Mijn bovenbenen spanden zich aan. Ik voelde mijn hoofd rood worden en zweet vormde zich op mijn voorhoofd. Als ik op tijd zou komen, dan zou ik er niet uitzien, bedacht ik me al trappend tegen de wind in, maar dat moest ik maar op de koop toenemen. De brug ging open. Nog vijf minuten. Vier trage schuiten wilden erdoor. Ik zag in de verte een dichte brug en besloot om te fietsen. Mijn slapen deden pijn van de wind en de inspanning. Mijn humeur kelderde alras. Mensen die in de weg liepen, kregen het steeds zwaarder te verduren.

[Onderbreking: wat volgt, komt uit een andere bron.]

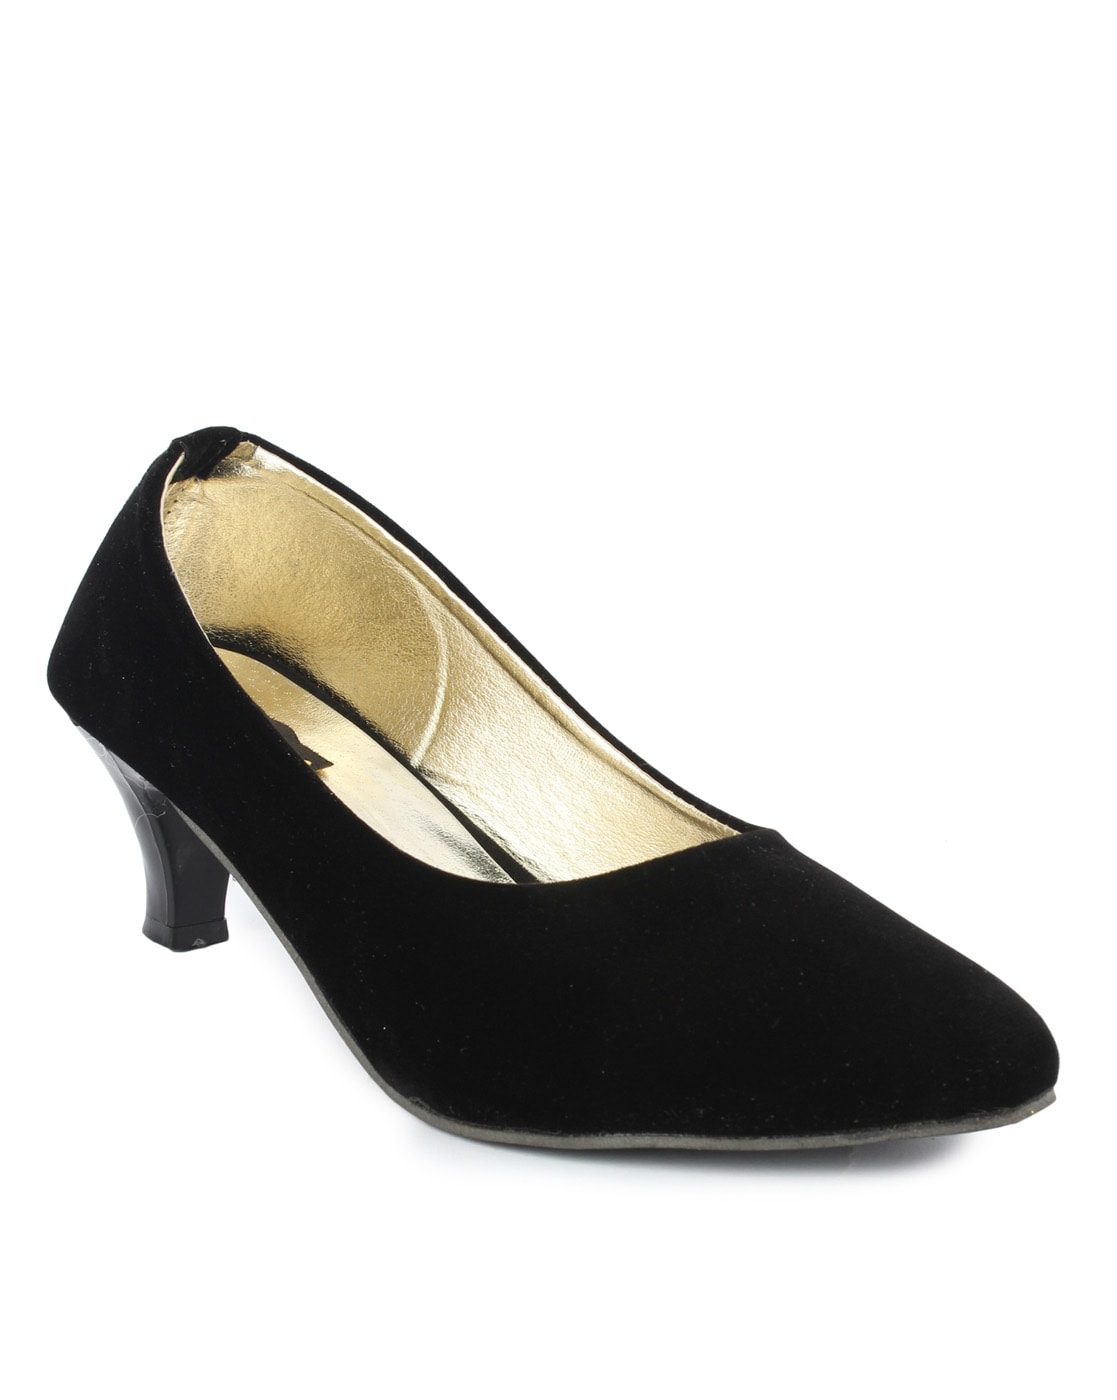 Get Shimmer Metallic Black Heels at ₹ 999 | LBB Shop
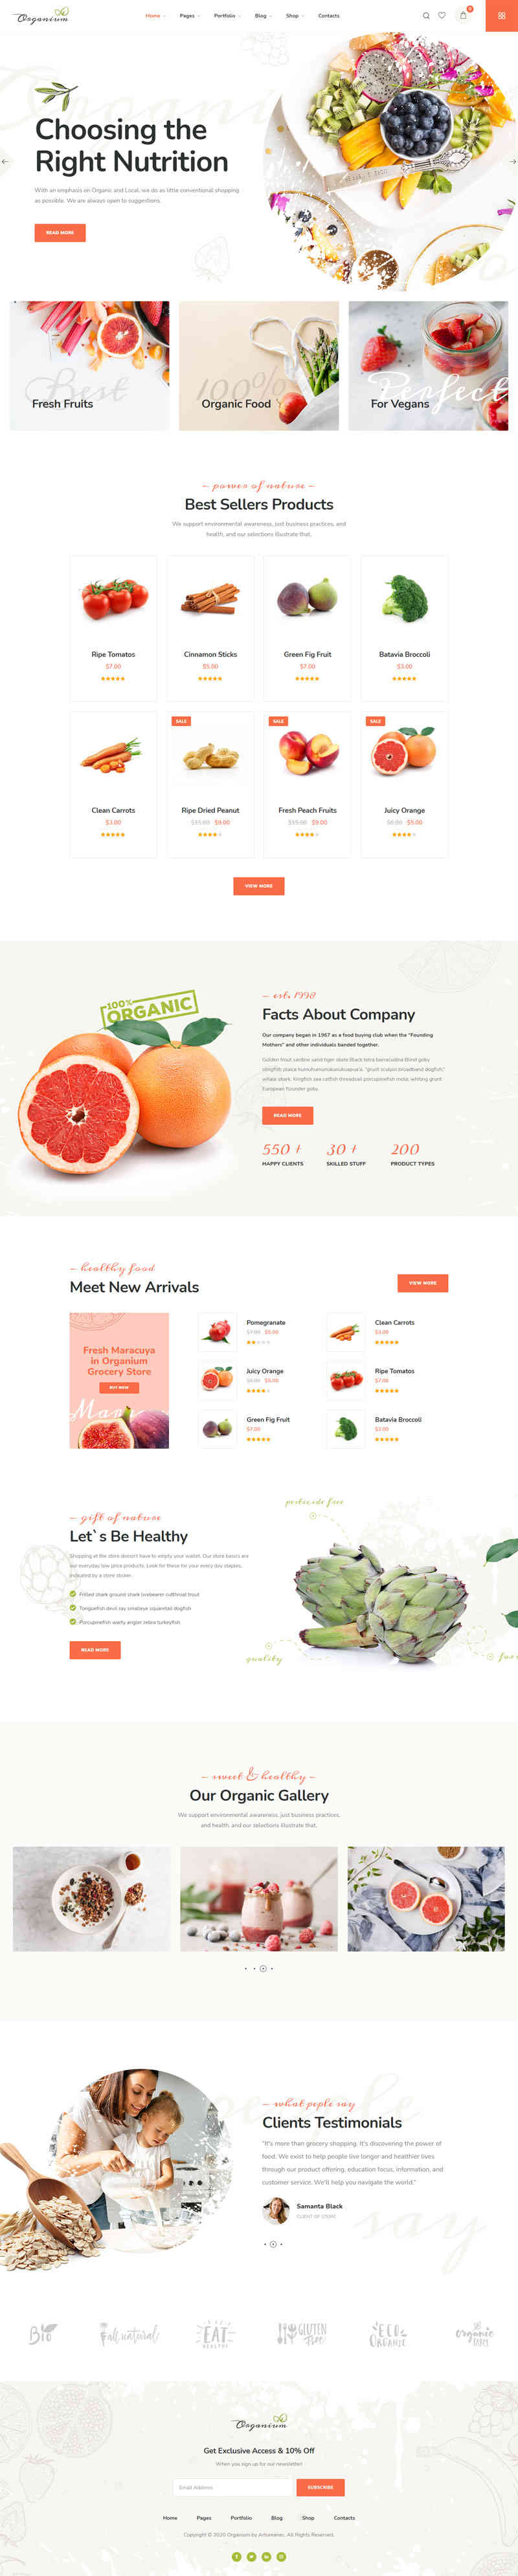 thiet ke website tmi organic food 150033

De omweg leidde me door het havengebied met grote open stukken waar de wind nog veel meer vat op me had dan in de stad zelf. Bovendien was er weinig verlichting en een onduidelijk fietspad, waardoor ik voor mijn leven vreesde en beter moest opletten. Een open stuk land brengt de psyche sneller in het negatieve, merkte ik. Er zijn geen punten die je als markering kan nemen zodat je kan zien hoe ver je al bent opgeschoten.
Heel in de verte het kantoor waar ik moest zijn. Harder trappen. Ik had er nu al moeten zijn. Ik haat te laat komen.

Voor de deur, mijn hoofd zo rood als een kreeft, mijn fiets op slot, mijn jas en mijn haren platgestreken. Zeven minuten te laat. De bel waar ik op drukte, hoorde ik binnen overgaan, maar er kwam niemand. Na enkele malen drukken zonder resultaat heb ik mijn fiets gepakt en ben ik teleurgesteld weggereden. Boos op alles. Scheldend. Chagrijnig.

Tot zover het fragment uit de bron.